Ao serem indagados acerca de suas preferências culturais, com exceção de uma professora, a maioria tem incursionado pouco pelo campo da literatura, do cinema, do teatro e da música, alegando, para tanto, principalmente, dificuldades financeiras, temporais, e a comodidade proporcionada pela televisão. Deste modo, pudemos constatar a dimensão e influência da industrial cultural.

Quanto às revistas e jornais, estes eram lidos com um foco voltado para o ensino, um recurso auxiliar no preparo das aulas e em atividades solicitadas aos alunos; embora não tenha ocorrido com muita freqüência.

A leitura atenta dessas preferências nos mostra o sentido do gosto dos professores, assunto sobre o qual Bourdieu (1999b, p.478, tradução nossa) expressa: “o gosto funciona como uma espécie de sentido da orientação social; orienta os ocupantes de um determinado setor no espaço social; orienta para as posições sociais ajustadas a suas propriedades”.

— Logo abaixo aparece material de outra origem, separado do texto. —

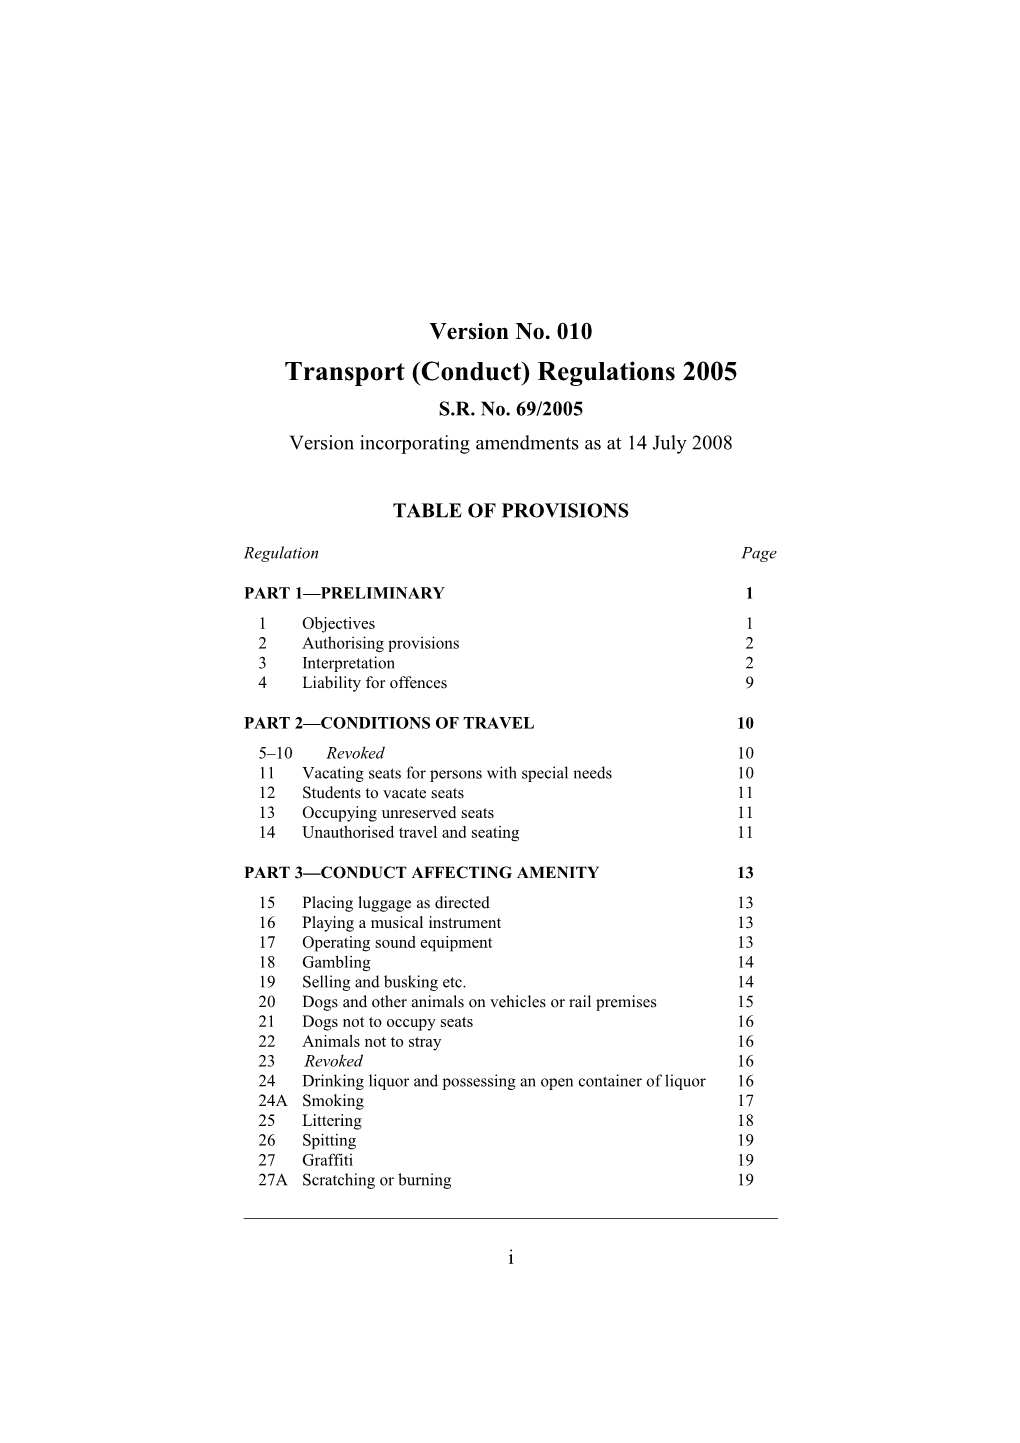 Transport (Conduct) Regulations 2005

Afinal, os professores, por sua origem, apresentam pouco capital cultural; fato que se reflete em suas escolhas estéticas, que os distanciam do estilo de vida expresso nos gostos da classe dominante, geralmente tidos como legítimos. Em seus relatos, pudemos constatar elementos associados à familiarização com obras artísticas populares, evidenciadas nas preferências evocadas, algumas delas estreitamente relacionadas à sua prática docente. Sobre isso, Bourdieu (1999b) afirma que indicadores como nível de instrução ou origem social expressam o modo de produção do habitus. Tais indicadores são princípios de diferenças não somente nas competências adquiridas, mas também na maneira de levá-las à prática.